I'm sorry, but i'm configured pve exactly as in your documentation. What i have in repos:

deb http://ftp.debian.org/debian bullseye main contrib
deb http://ftp.debian.org/debian bullseye-updates main contrib

# PVE pve-no-subscription repository provided by proxmox.com,
# NOT recommended for production use
deb http://download.proxmox.com/debian/pve bullseye pve-no-subscription

# security updates
deb http://security.debian.org/debian-security bullseye-security main contrib

And there is an output:

Err:4 https://download.proxmox.com/debian/pve bullseye InRelease
  Certificate verification failed: The certificate is NOT trusted. The name in the certificate does not match the expected.  Could not handshake: Error in the certificate verification. [IP: 212.224.123.70 443]
Hit:1 https://ftp.debian.org/debian bullseye InRelease
Hit:3 https://security.debian.org/debian-security bullseye-security InRelease
Hit:2 https://ftp.debian.org/debian bullseye-updates InRelease
Reading package lists... Done
Building dependency tree... Done
Reading state information... Done
All packages are up to date.
W: Failed to fetch http://download.proxmox.com/debian/pve/dists/bullseye/InRelease  Certificate verification failed: The certificate is NOT trusted. The name in the certificate does not match the expected.  Could not handshake: Error in the certificate verification. [IP: 212.224.123.70 443]
W: Some index files failed to download. They have been ignored, or old ones used instead.

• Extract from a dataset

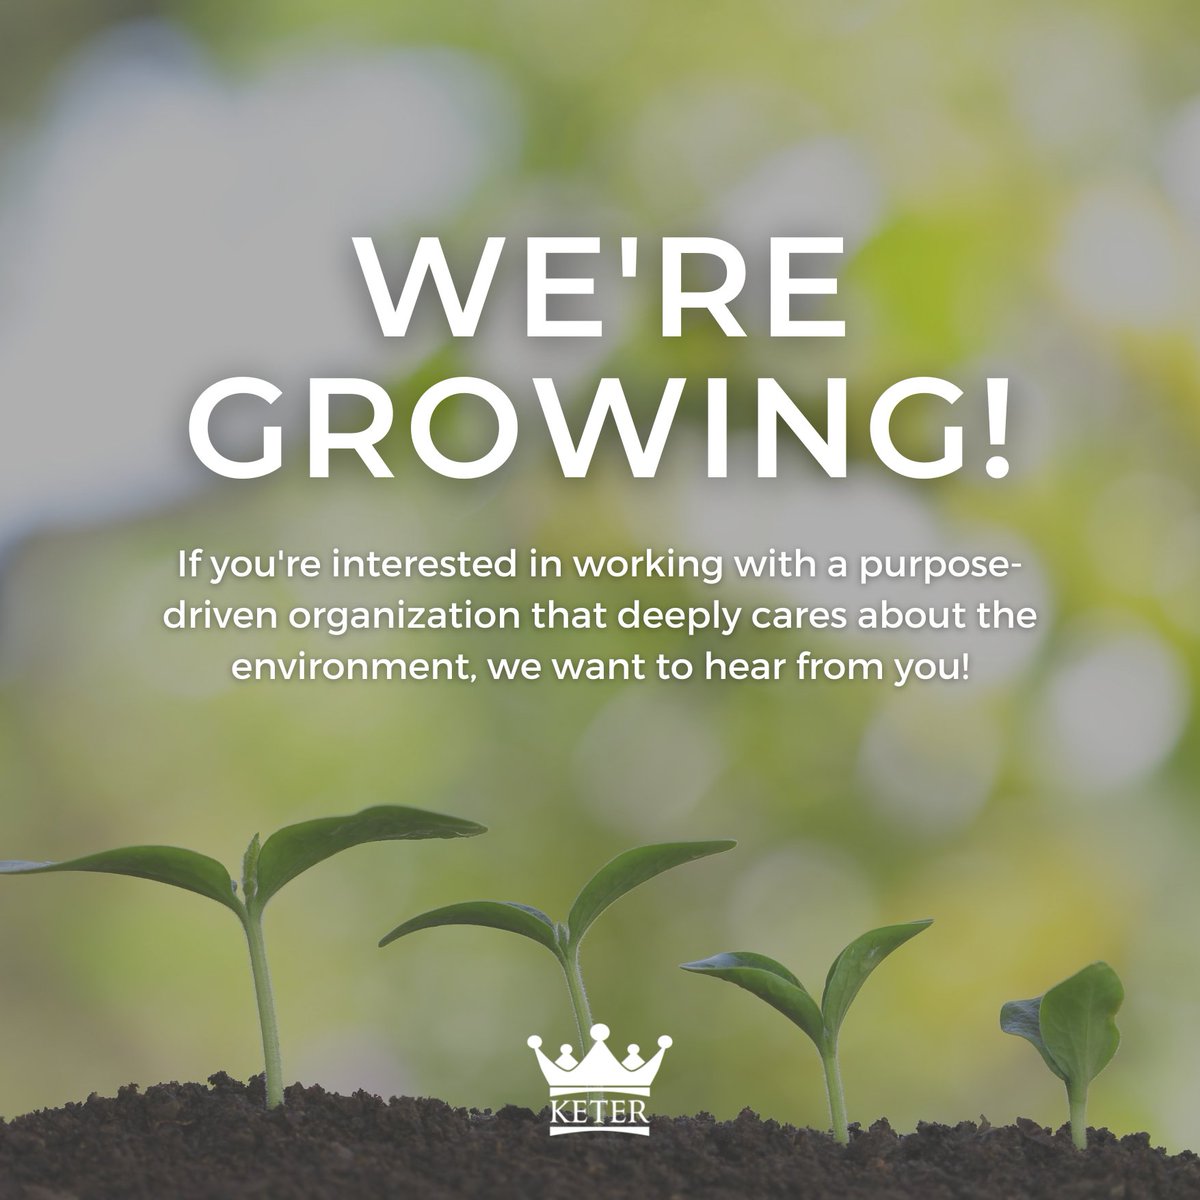 Are you or is someone you know interested in working with us at Keter? Apply today - hubs.ly/Q01Hvpmj0

#hiring #sustainability #sustainableaction #recycling #recyclingmanagment #gogreen #esg #ecofriendly #sustainablebusiness #greenfuture #sustainablesolutions #zerowaste

How i can forcefully setup apt to get files only via http? Not just in a sources.list and sources.list.d

 

[t.lamprecht]

And there is an output:
Err:4 https://download.proxmox.com/debian/pve bullseye InRelease

You may have the https version configured in another .list file, check:

grep 'https://download' /etc/apt/sources.list /etc/apt/sources.list.d/*.list

 

[bordulets]

It's all right, I figured out, what's wrong. it's a mikrotik Hotspot unexpected config, which rerouted all http requests into https. Thanks for help!